No caso, recorde-se, a AT fundou tal não aceitação de tais verbas como ajudas de custo à luz de diversos factos-índice, como seja o de tais montantes serem fixados anualmente, variando o seu montante de acordo com a categoria profissional do funcionário, e serem processados por cada dia útil de cada ano, quando cada administrador tinha viatura atribuída pela entidade patronal, a qual suportava todos os seus gastos e quando todas as despesas de alojamento e alimentação foram suportadas pela mesma entidade patronal em outra rubrica, de “Deslocações e estadas”, pelo que não se vislumbrava a que outras despesas, feitas pelo ora recorrente em nome e em benefício da sua entidade patronal, se pudessem reportar as escrituradas a este título de ajudas de custo na sua contabilidade, que assim só o poderiam ser a título de remuneração ou de complemento de remuneração, tendo aliás, em conta o respectivo conceito, então com assento no art.º 82.º do RJCIT, aprovado pelo art.º 1.º do Dec-Lei n.º 49408, de 24.11.1969, e que dispunha:
A retribuição compreende a remuneração de base e todas as outras prestações regulares e periódicas feitas, feitas directa ou indirectamente, em dinheiro ou em espécie – seu n.º2.
Até prova em contrário, presume-se constituir retribuição toda e qualquer prestação da entidade patronal ao trabalhador – seu n.º3.

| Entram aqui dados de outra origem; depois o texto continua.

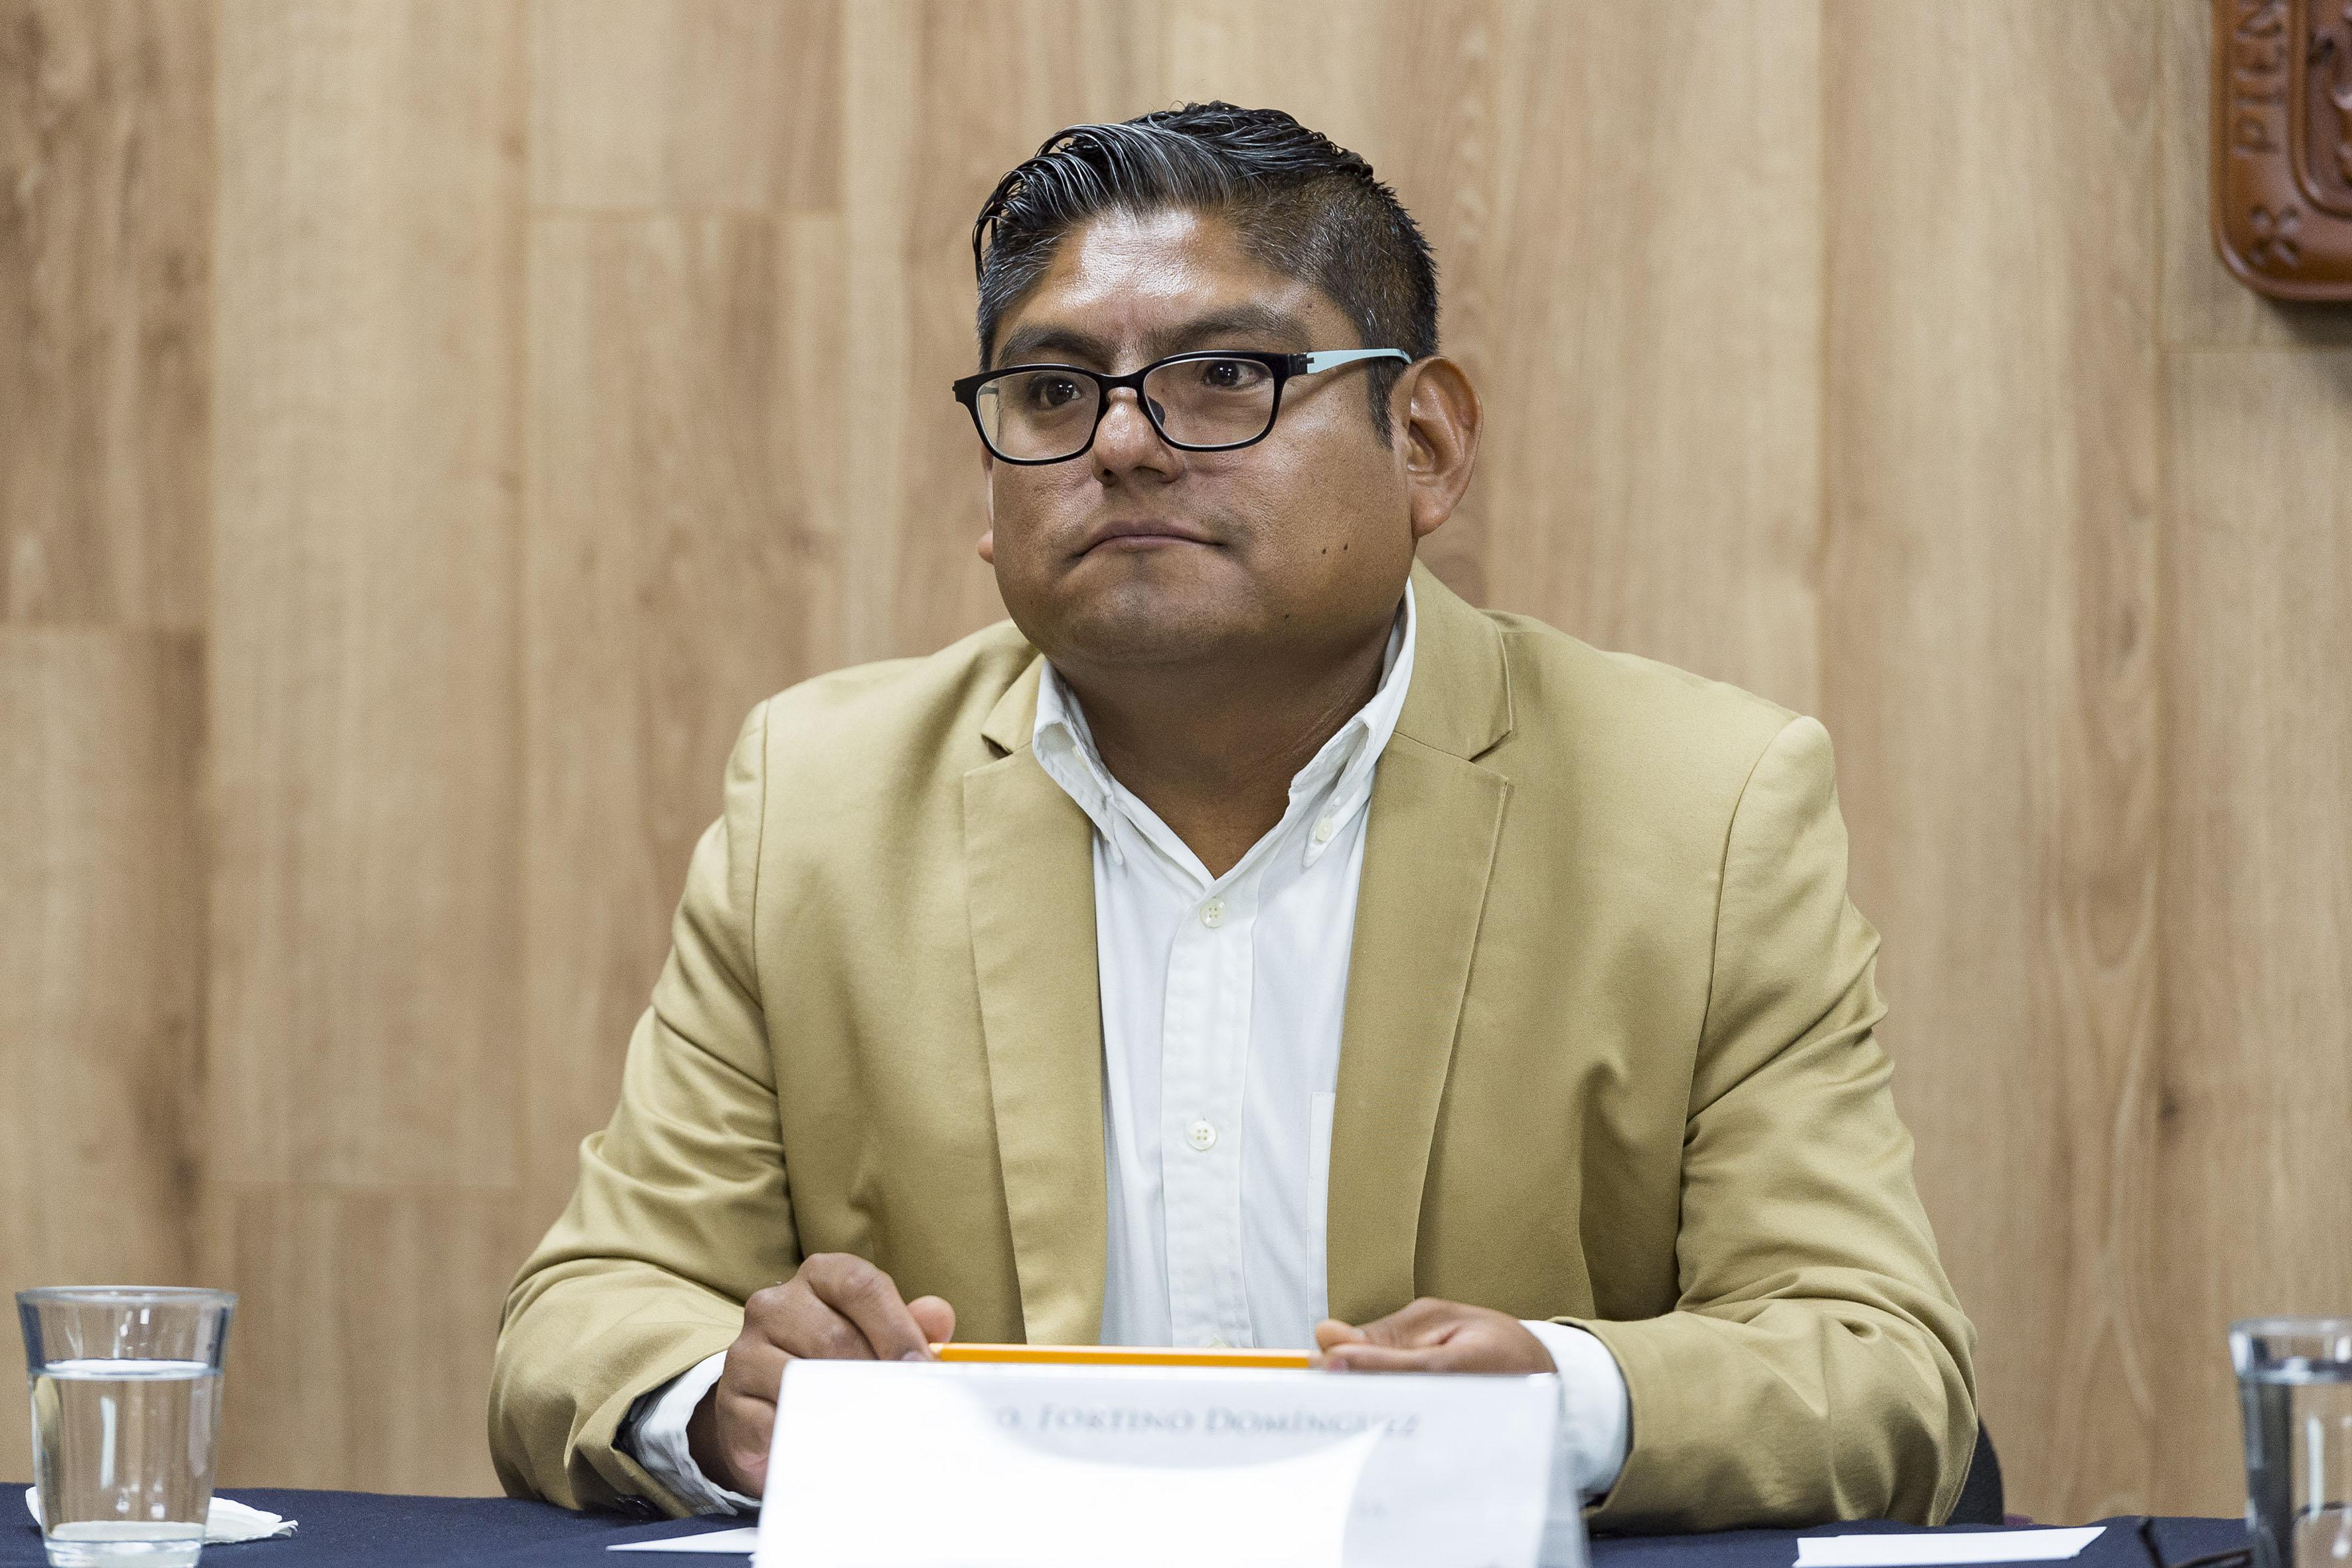 Coordinador de la Cátedra de la Interculturalidad, de la Universidad de Guadalajara (UdeG), maestro Fortino Domínguez Rueda.

Tais factos-índice à luz da experiência comum, levam-nos a concluir que tais montantes não terão a natureza de ajudas de custo, porque seria extremamente invulgar que um trabalhador se deslocasse ao serviço da sua entidade patronal, invariavelmente, todos os dias úteis do ano ou perfizesse o mesmo montante diário de ajuda de custo, durante doze meses num ano, servindo tal materialidade como factos-índice tendentes a demonstrar essa realidade, para mais quando a entidade patronal já suportava todos os custos atinentes a essas deslocações, cujos montantes fazia inscrever na sua contabilidade a outros títulos, como não se encontra em causa, não existindo também quaisquer elementos que permitissem especificar e controlar tais ajudas de custo, pelo que desta forma não deixou a AT de cumprir o ónus probatório que sobre si impendia, para desconsiderar tais verbas como tendo natureza de verdadeiras ajudas de custo, nos termos do disposto na regra geral do então art.º 342.º do Código Civil e hoje do art.º 74.º n.º1 da LGT, e proceder à liquidação de IRS em sede do respectivo beneficiário dessas quantias que o mesmo, oportunamente, não declarara (cfr. art.º 78.º do CIRS).

Assim sendo, cabia agora ao impugnante e ora recorrente, ter vindo provar a materialidade de tais deslocações ao serviço da sua entidade patronal de molde a infirmar aqueles outros factos-índice apurados pela AT e que efectivamente, tais verbas correspondem exactamente aos dias em que se manteve deslocado do seu local normal de trabalho em serviço da sua entidade patronal e nos gastos que por conta desta incorreu, e se o conseguisse, apesar da aparência do contrário, a causa teria de ser decidida a seu favor e contra a AT, nos termos do disposto, hoje do mesmo art.º 74.º n.º1 da LGT, já que o mesmo vem invocar, em contrário da AT, que confere o direito a tais verbas a título de ajudas de custo que não de remuneração, ao contrário pois, do ora também invocado pelo recorrente na matéria das suas conclusões, ao pretender que seja a AT que faça essa prova negativa, ou seja que o mesmo não tenha suportado outras despesas ao serviço da mesma entidade patronal e que esta não tivesse suportado a este título de ajudas de custo.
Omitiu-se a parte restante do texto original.